Esmola para a opulência

Com olhar vidrado, passo cambaleante, braço estendido e voz sumida numa súplica, aquela mulher ainda jovem, que mal se sustem de pé, chama a minha atenção sempre que atravesso a rua, frente à Estação do Rossio. Da última vez que a vi, não pude deixar de evocar as imagens televisivas da inauguração da grandiosa Catedral da Santíssima Trindade, no passado dia 13 de Outubro, em Fátima.

Interrogo-me sobre as razões que levaram a Igreja a usar os donativos dos peregrinos para a construção de mais uma Catedral, desta vez a quarta maior no mundo; interrogo-me se, para lá entrarem, os crentes terão de pagar €1.00 como constatei, numa recente visita à Sé Catedral de Évora; interrogo-me sobre o que a Virgem pensará de tais edificações quando o País, que ela escolheu para passar a sua mensagem, volta as costas a milhares de pobres e onde a caridade se fica pelas igrejas, sem sair à rua.

De que nos servirá o prestígio e a glória de mostrarmos ao mundo uma Catedral para albergar o Divino se não albergamos corpos debilitados e oprimidos pela miséria? Devíamos sentir-nos envergonhados, tal como Cavaco Silva, que só há semanas se inteirou do índice de pobreza em Portugal.

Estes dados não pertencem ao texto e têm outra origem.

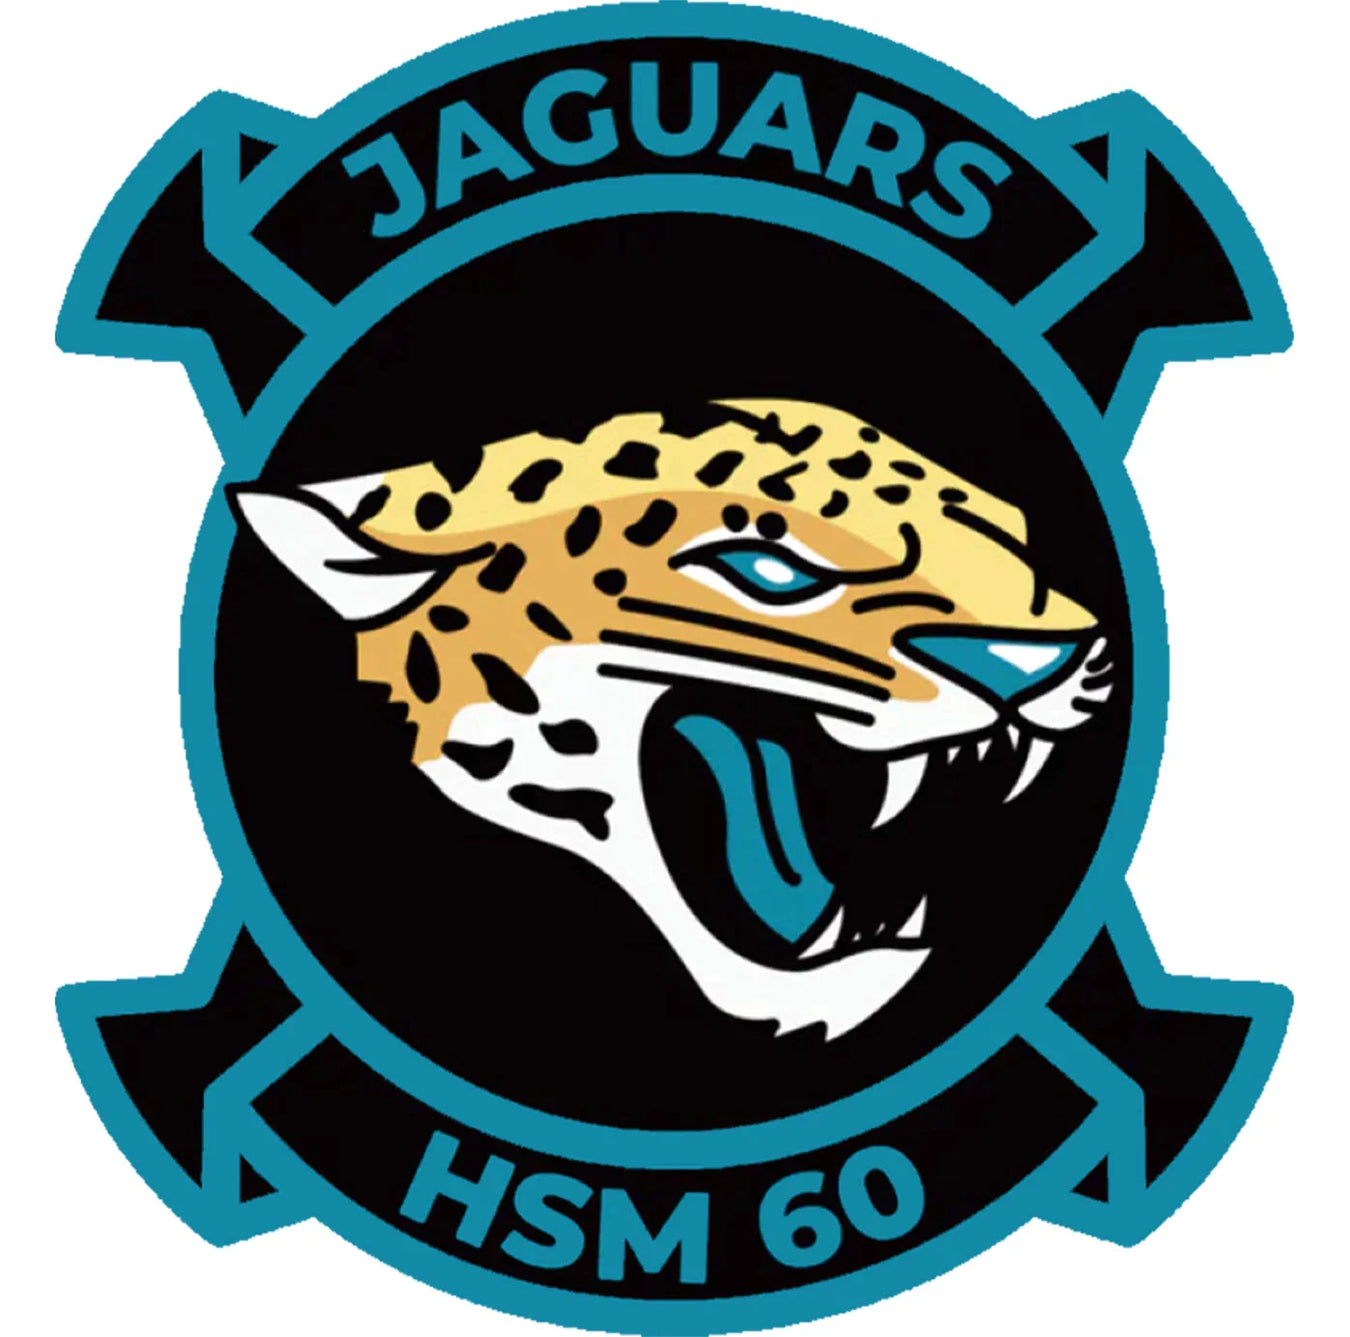 Helicopter Maritime Strike Squadron 60 (HSM-60) "Jaguars"

Num país onde algumas mães matam os filhos, há 7 casos de violência doméstica por semana, mortes ocorrem por escassez de meios ou negligência hospital, os mais idosos passam ao abandono e solidão, em questionáveis condições de lares de terceira idade, inúmeras pessoas carecem de abrigo, continuamos a importar-nos mais com a imagem de grandeza que queremos projectar além fronteiras. Testemunho disso, e a competir com outras do género, temos agora mais uma obra que ficará na História. Entretanto, lembrando as palavras do nosso Presidente, convencido que o Estado só por si não conseguirá resolver os problemas de pobreza, pergunto-me se a Igreja não poderia dar uma ajuda ao Governo, em vez de gastar milhares de contos na construção de templos. E pergunto-me também se esses templos têm a ver com a necessidade remota de subornar o Divino, no intuito de sermos bafejados com a Sua clemência quando, afinal, nós próprios não nos compadecemos uns dos outros.